▸ **INPUT DATA**
■ ■ ■ ■ ■

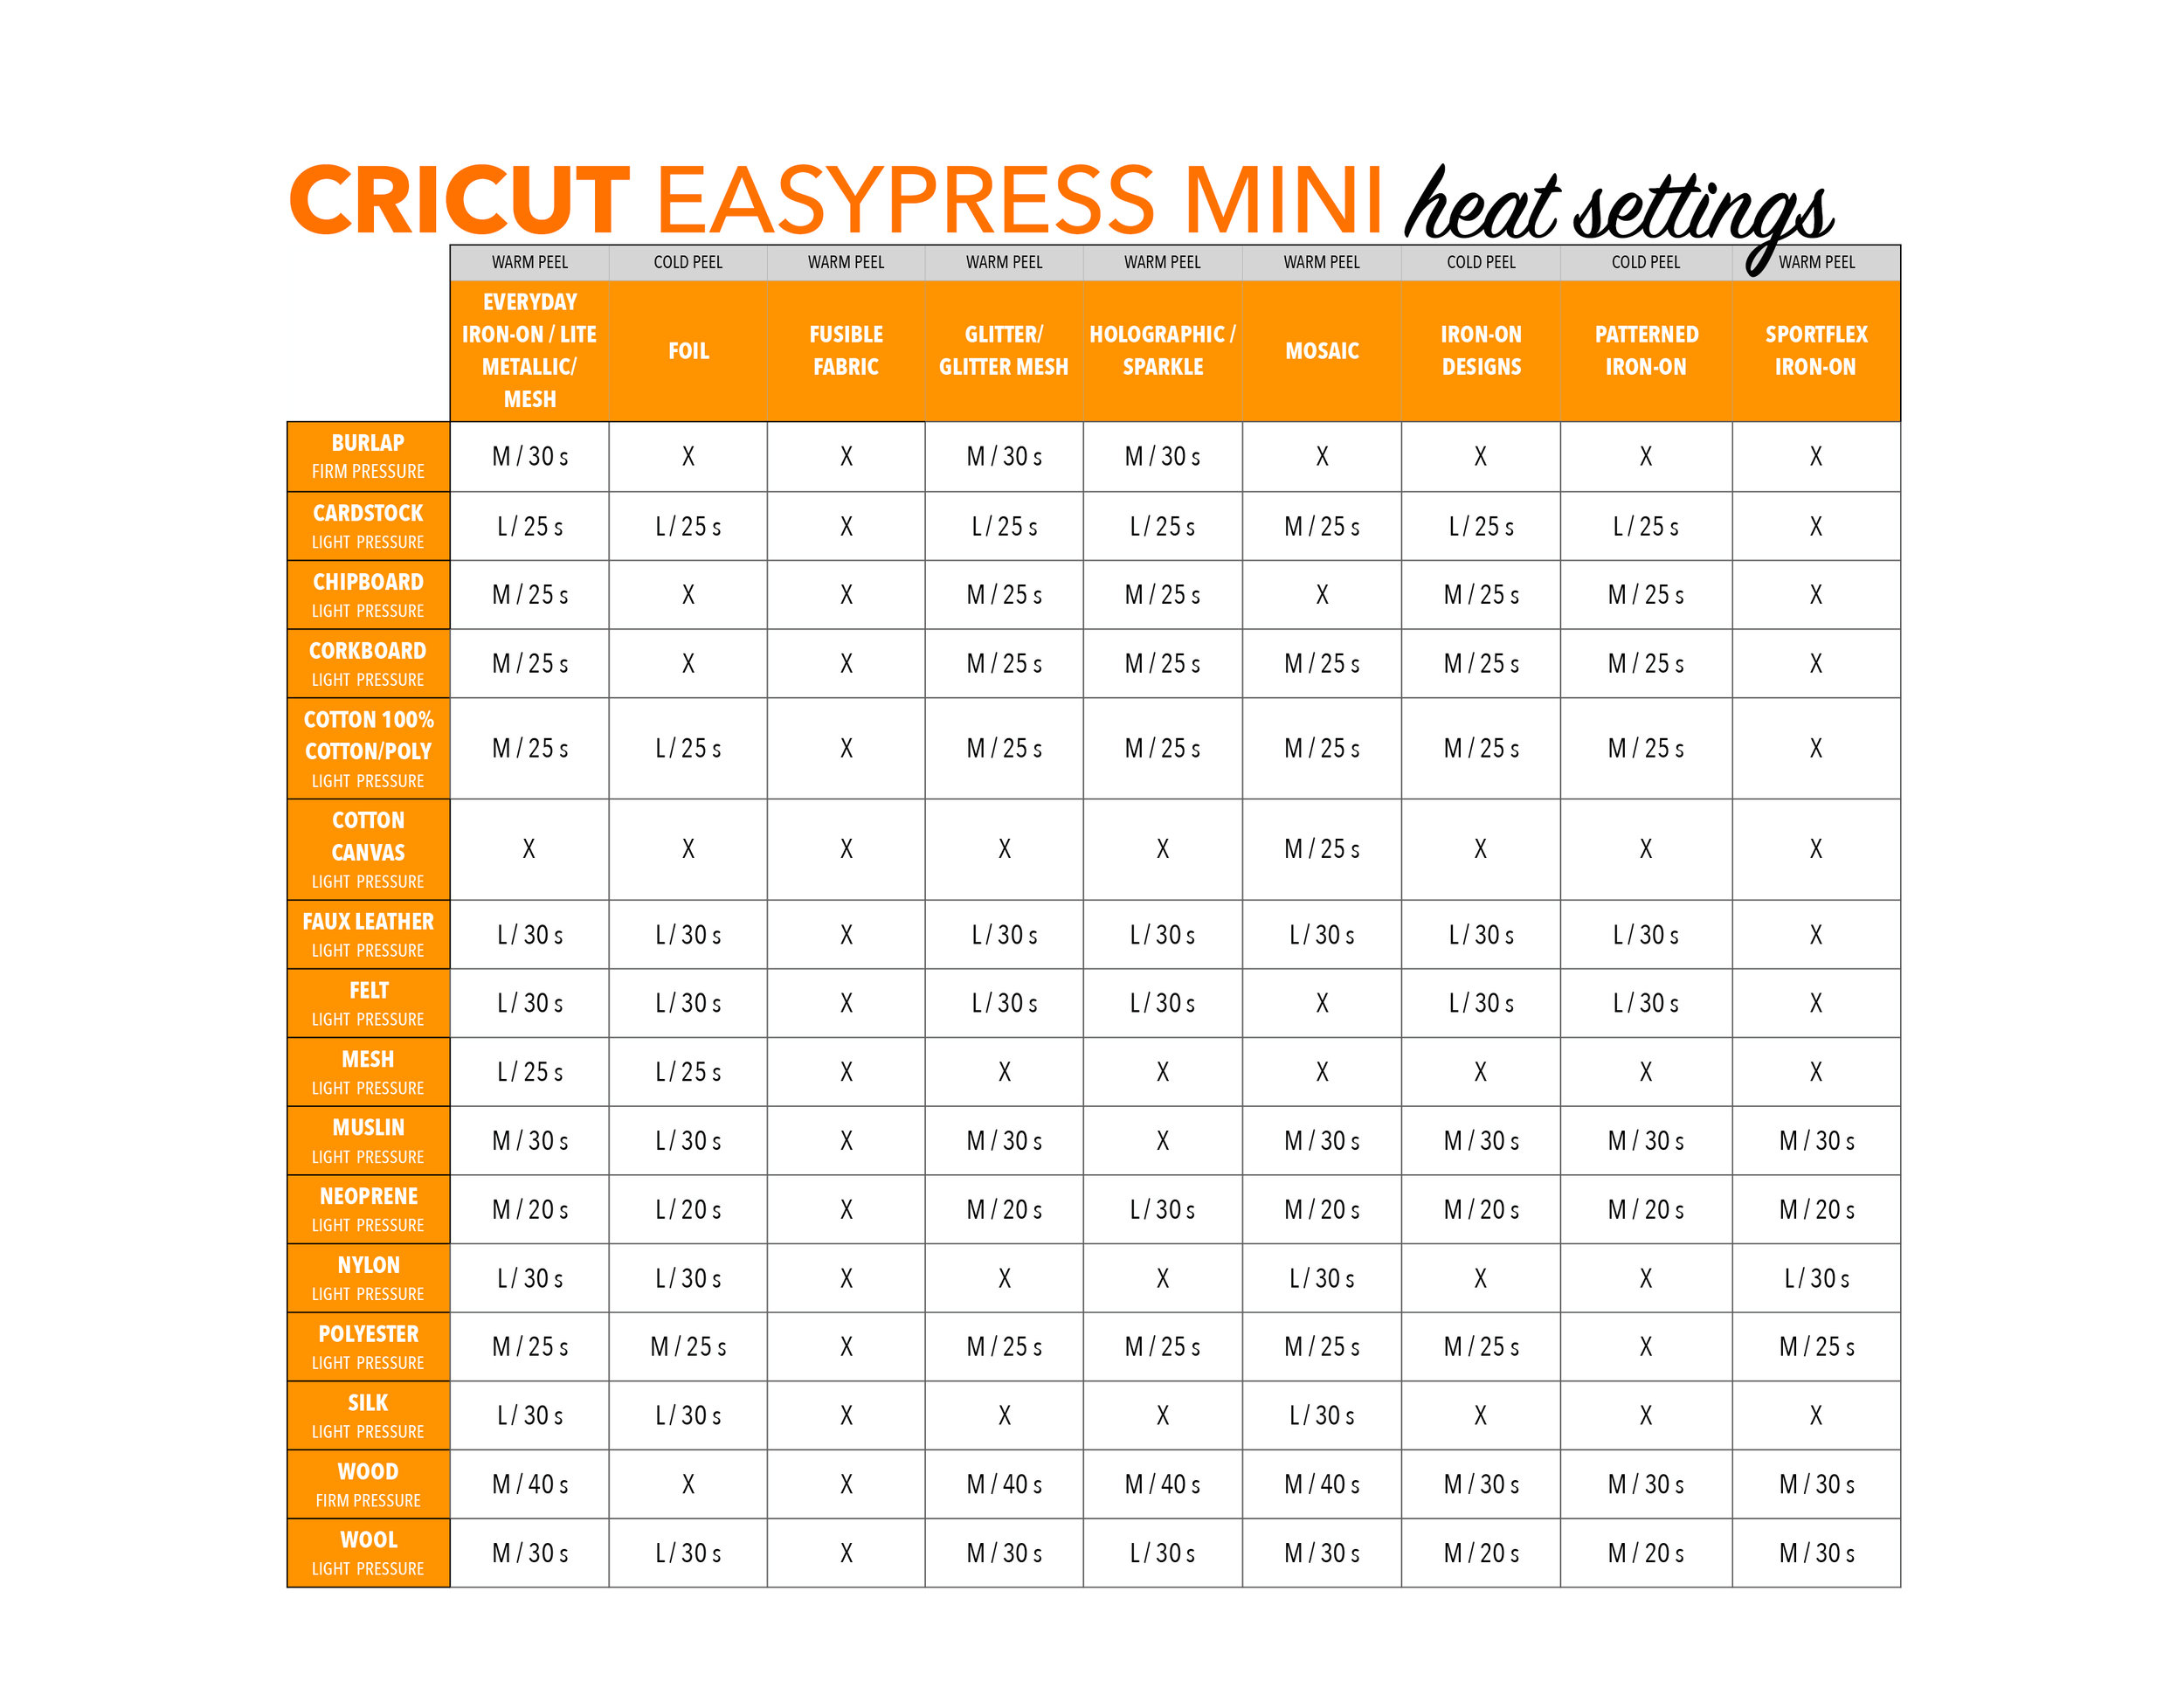 MINIcricut-easypress-heat-setting.jpg
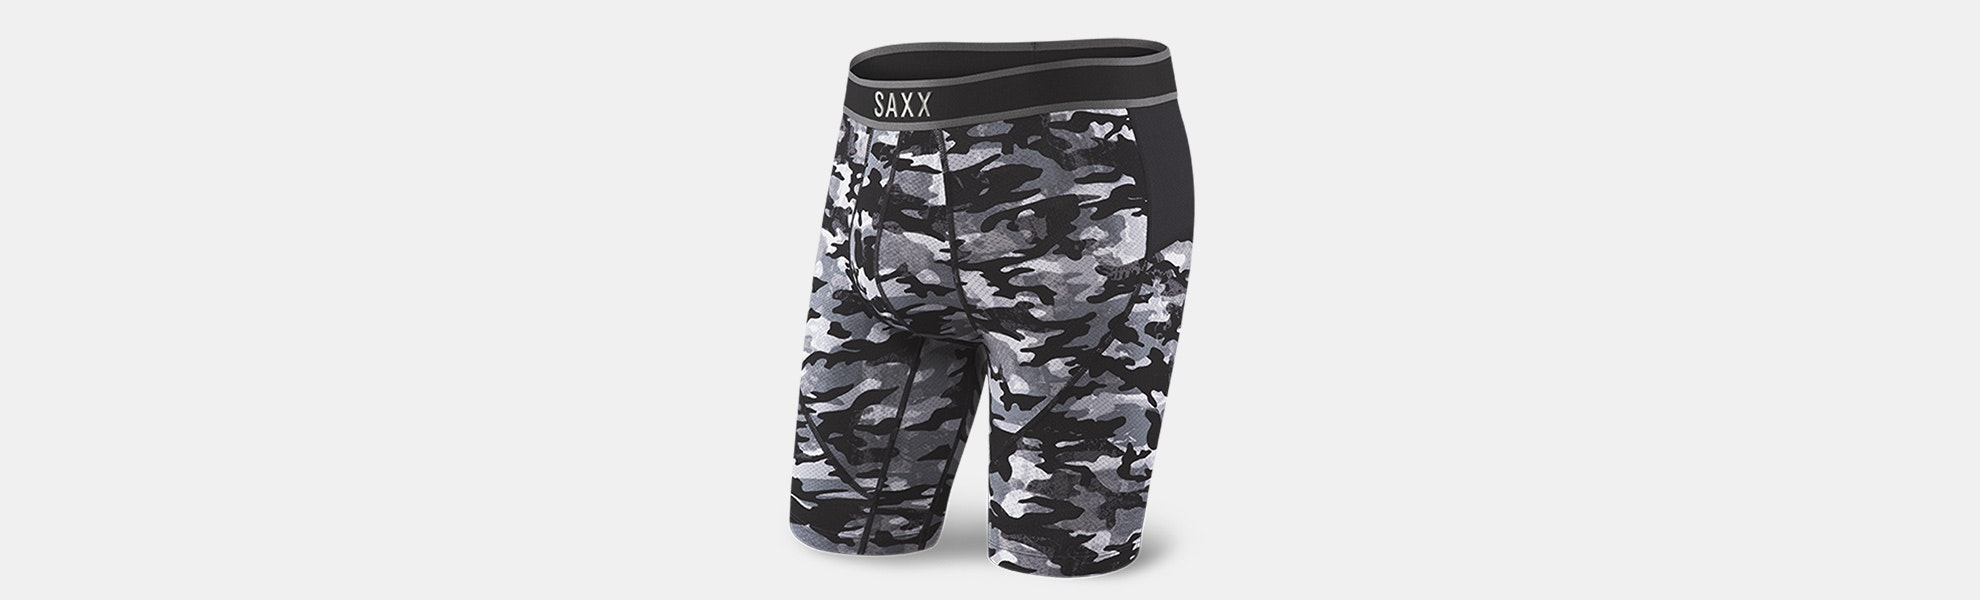 Closeout: SAXX Kinetic Long-Leg Boxer Brief & Tight
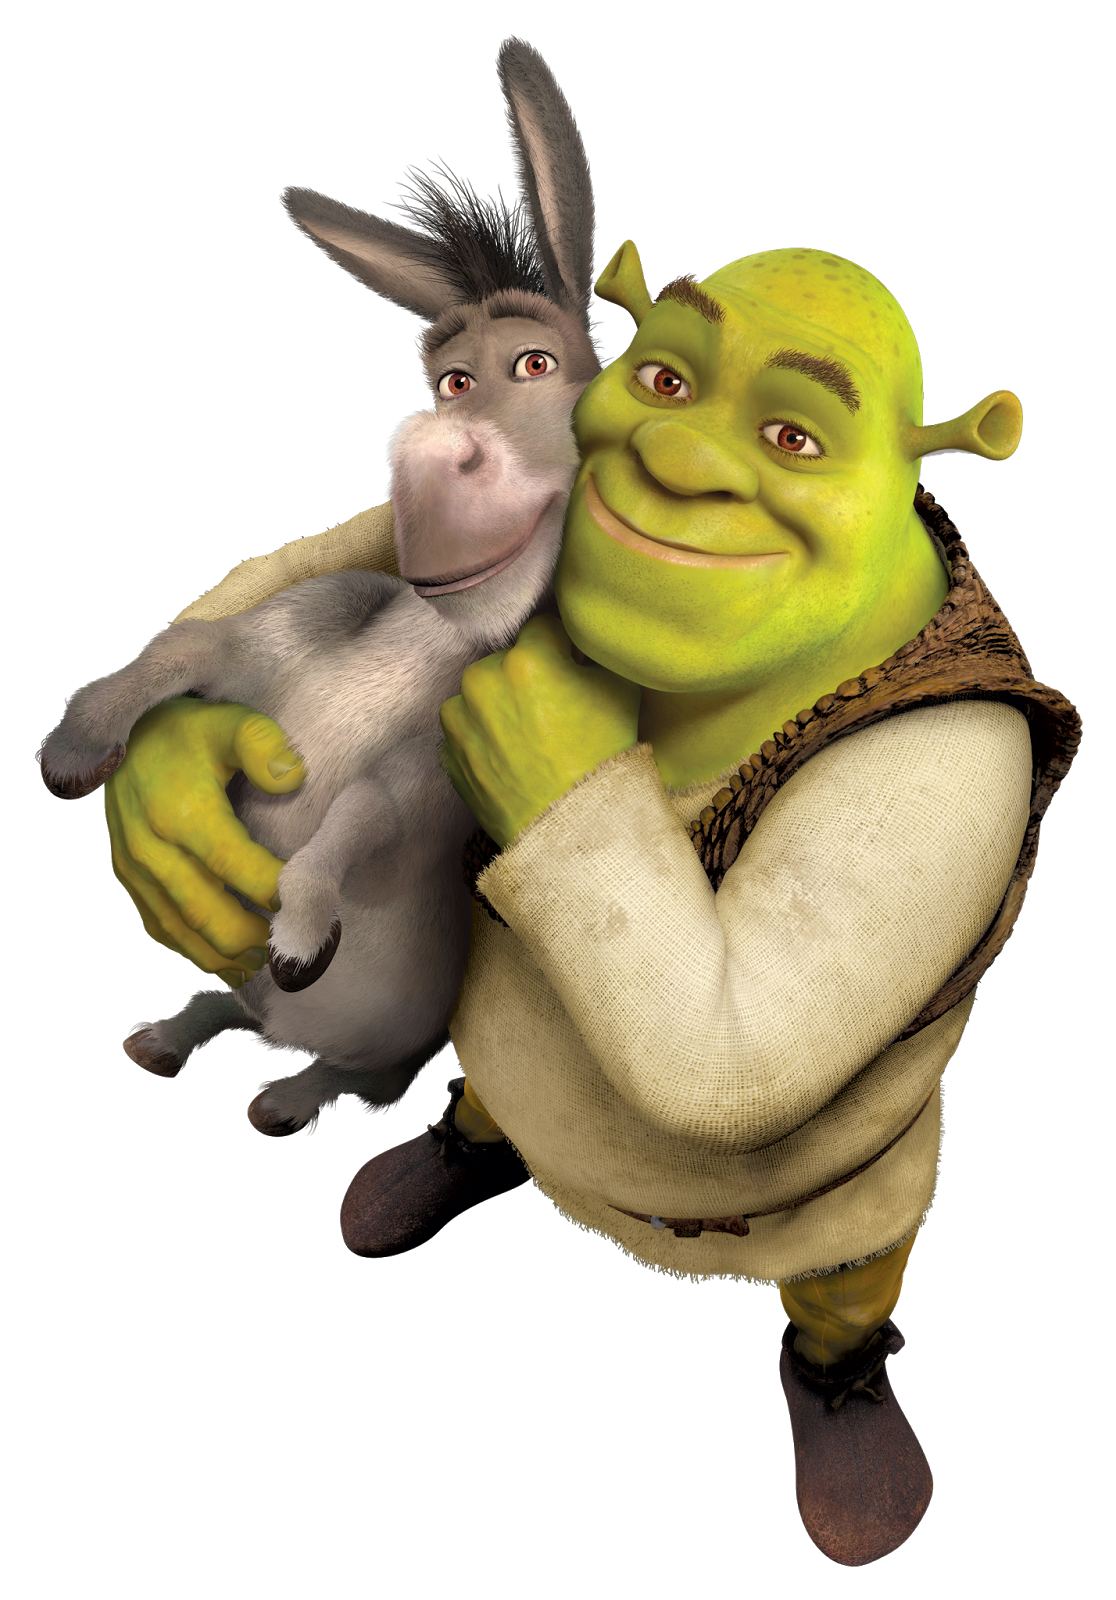 Png . Donkey clipart shrek character
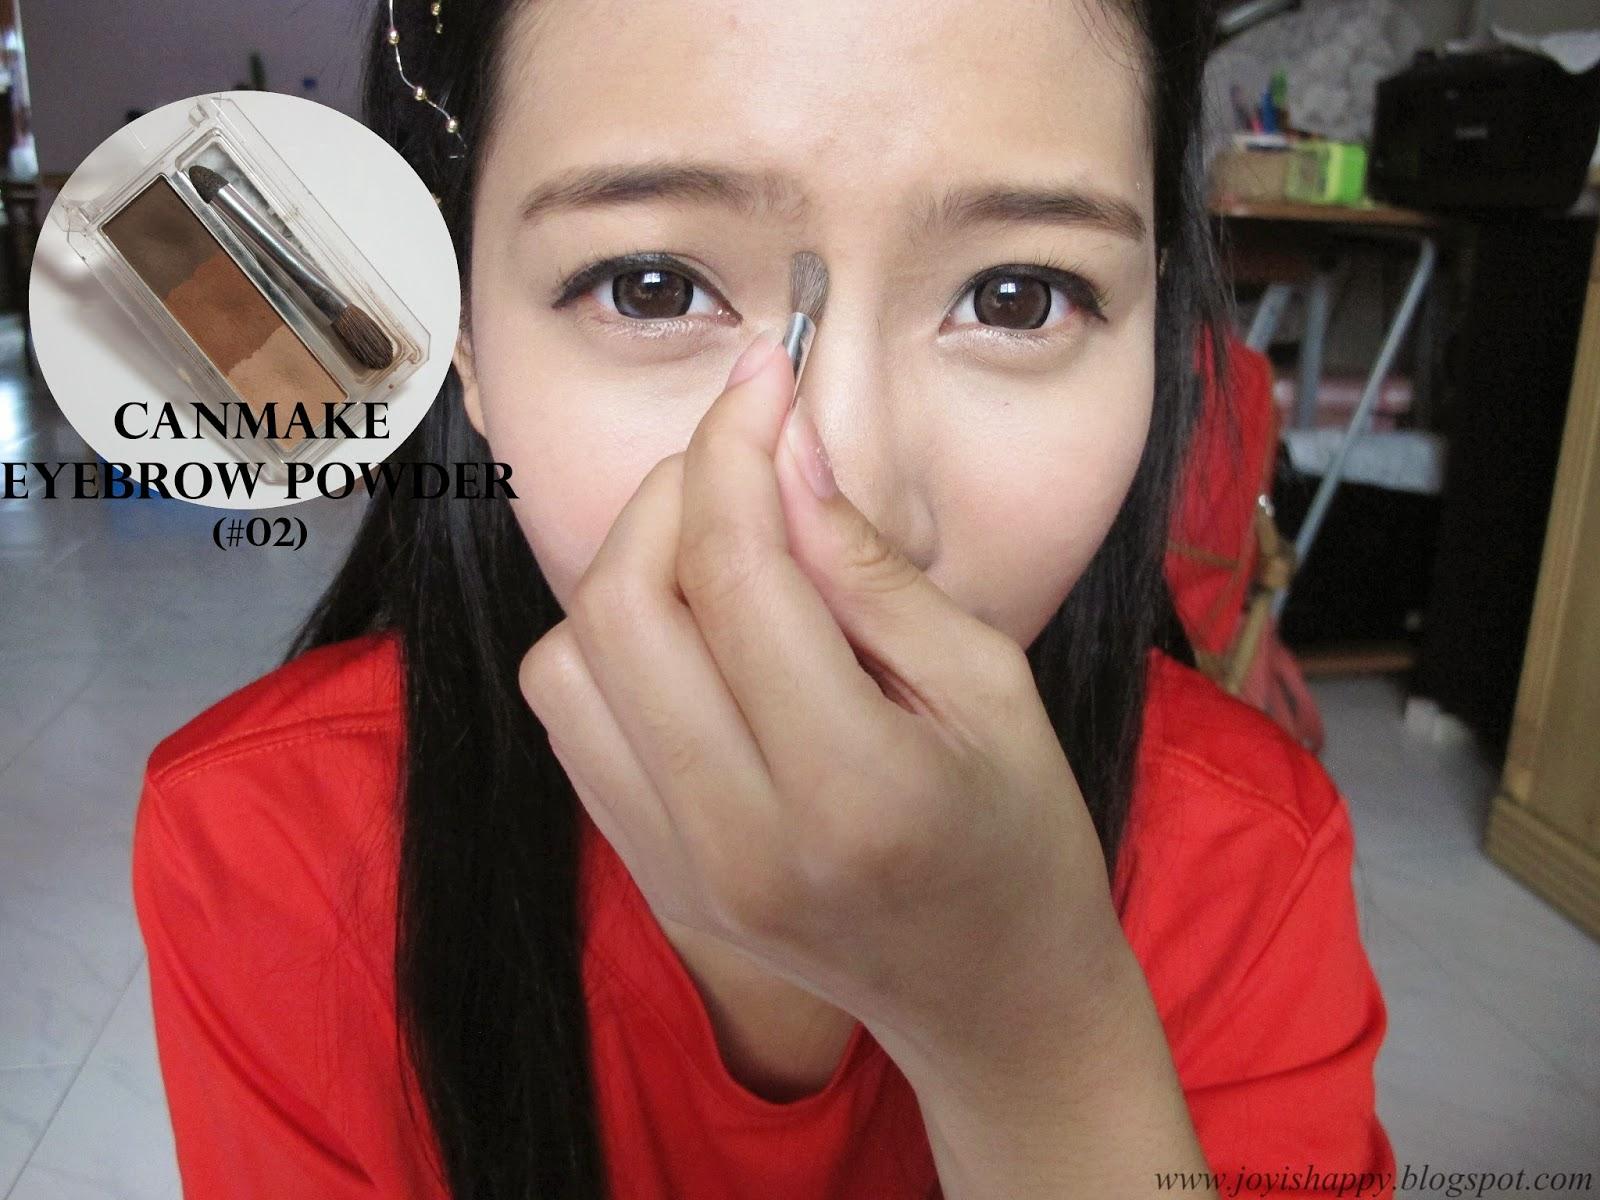 canmake eyebrow powder #02

■ ■ ■ ■ ■

▸ **DIRECTIONS FOR THIS TASK**
Please transcribe the lines from the one containing "Closeout: SAXX Kinetic" to the last line of the listing, both included, exactly and with nothing added, leaving every picture out.

▸ **EXERCISE OUTPUT**
 Closeout: SAXX Kinetic Long-Leg Boxer Brief & Tight
 Png . Donkey clipart shrek character
 canmake eyebrow powder #02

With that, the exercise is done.